Die Grippewelle in Baden-Württemberg flaut ab, der Höhepunkt ist überschritten. Lohnt sich eine Impfung noch?
Nach einigen intensiven Wochen mit stark steigenden Infektionszahlen gibt es erste Entwarnung. (Symbolbild)
Von Janina Link
Die Grippewelle in Baden-Württemberg hat in den letzten Wochen die Hausarztpraxen stark beansprucht. Nach den intensiven Wochen mit stark steigenden Infektionszahlen gibt es nun jedoch erste Entwarnung: Der Höhepunkt der Saison scheint überschritten.
Wie Christiane Wagner-Wiening vom Landesgesundheitsamt Baden-Württemberg der ARD mitteilte, erreichte die Zahl der gemeldeten Influenza-Fälle ihren Höhepunkt bereits Anfang Februar. Seither zeigen sowohl die Meldedaten als auch die Abwasseranalysen einen kontinuierlichen Rückgang der Viruslast.
Grippewelle mit Subvariante K in der Region Stuttgart
Die Saison 2025/2026 begann etwas früher als in den Vorjahren. Bereits Ende November wurden erste Fälle registriert, was für die Hausärzte in Baden-Württemberg eine hohe Belastung mit sich brachte. Von Dezember bis Anfang Januar hatten sich die Grippefälle im Jahresvergleich vervierfacht – auch wegen der aggressiven Subvariante K.
In den besonders stark betroffenen Regionen wie Ludwigsburg, Rems-Murr und Heilbronn war die Zahl der Erkrankten überdurchschnittlich hoch, während Stuttgart und Böblingen beispielsweise weniger stark betroffen waren. Fachleute führen dies unter anderem auf Unterschiede in der Impfquote und Altersstruktur der Bevölkerung zurück.
Lohnt sich die Grippe-Impfung noch?
Für Risikogruppen bleibt jedoch weiterhin Vorsicht geboten. Ältere Menschen, chronisch Kranke sowie Kleinkinder sollten weiterhin Hygieneregeln beachten und große Menschenansammlungen nach Möglichkeit meiden.
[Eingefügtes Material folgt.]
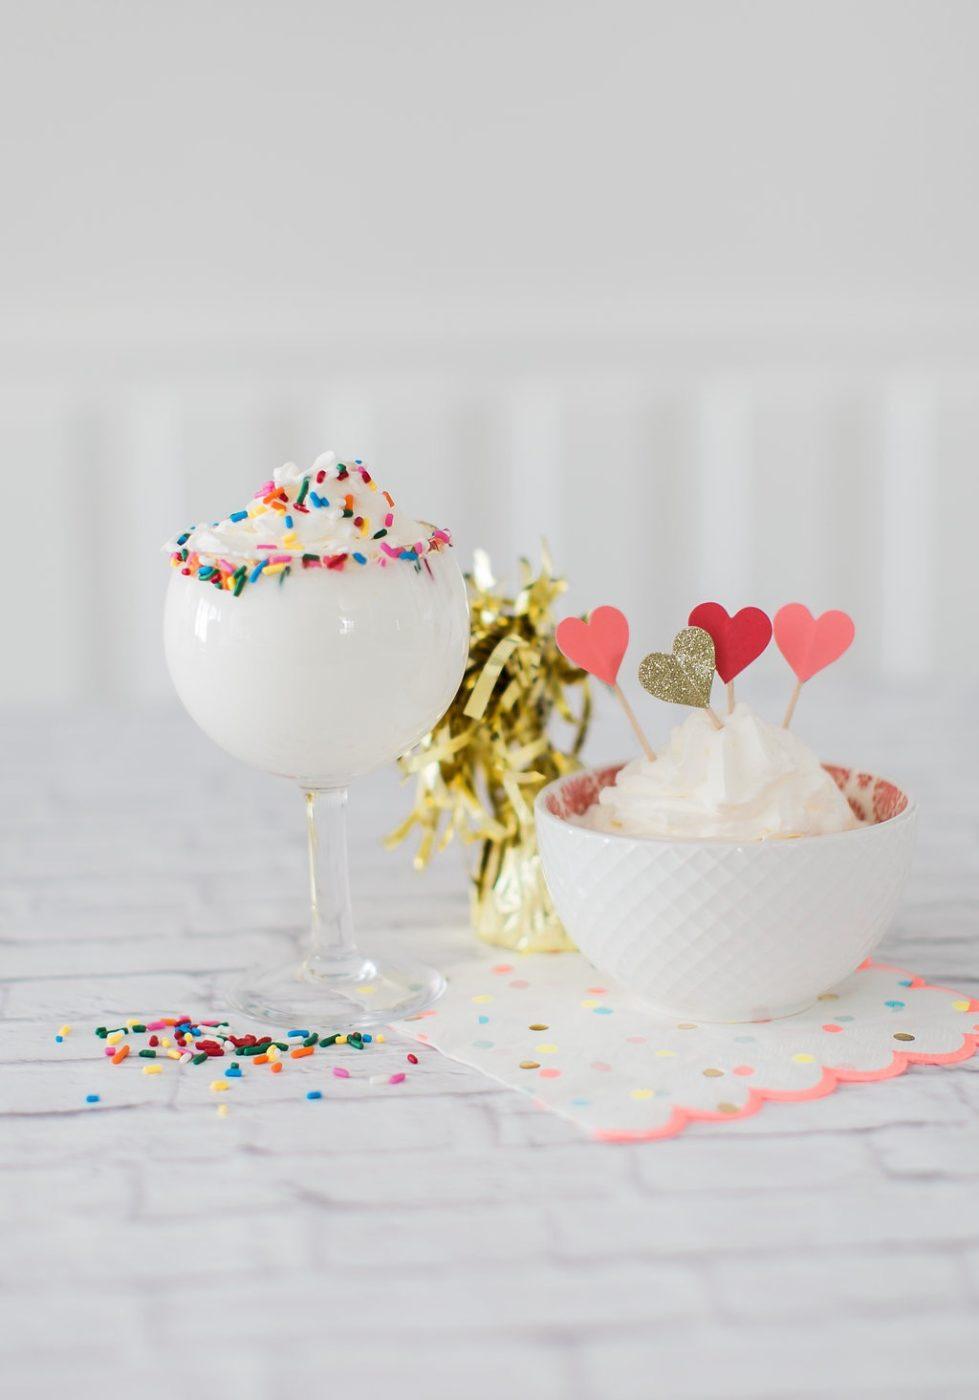 Birthday Cake Cocktail! Introducing Ali Luvs Happy Hour!

Die Grippe-Impfung schützt nicht nur vor Infektionen, sondern verringert insbesondere das Risiko schwerer Verläufe und Krankenhausaufenthalte.
Eine Impfung wirkt jedoch nicht sofort: Bis ein verlässlicher Immunschutz besteht, vergehen in der Regel etwa zwei Wochen. Ob sie sich für diese Saison noch lohnt, ist daher eine individuelle Entscheidung.
Grippewelle in Baden-Württemberg vor dem Ende
Neben der Impfung helfen nach wie vor einfache Maßnahmen, um eine Ansteckung zu vermeiden: Niesen in die Armbeuge, regelmäßiges Händewaschen und Stoßlüften. Aufenthalte an der frischen Luft stärken zudem das Immunsystem und senken das Infektionsrisiko. Mit diesen Mitteln lässt sich die letzte Phase der Grippesaison sicher überstehen und gleichzeitig das Risiko für andere minimieren.
Insgesamt deutet vieles darauf hin, dass die intensive Phase der Grippewelle in Baden-Württemberg nun vorüber ist. Wer die Saison bisher unbeschadet überstanden hat, kann nun wohl auf eine ruhigere Zeit ohne akute Influenza-Ausbrüche hoffen.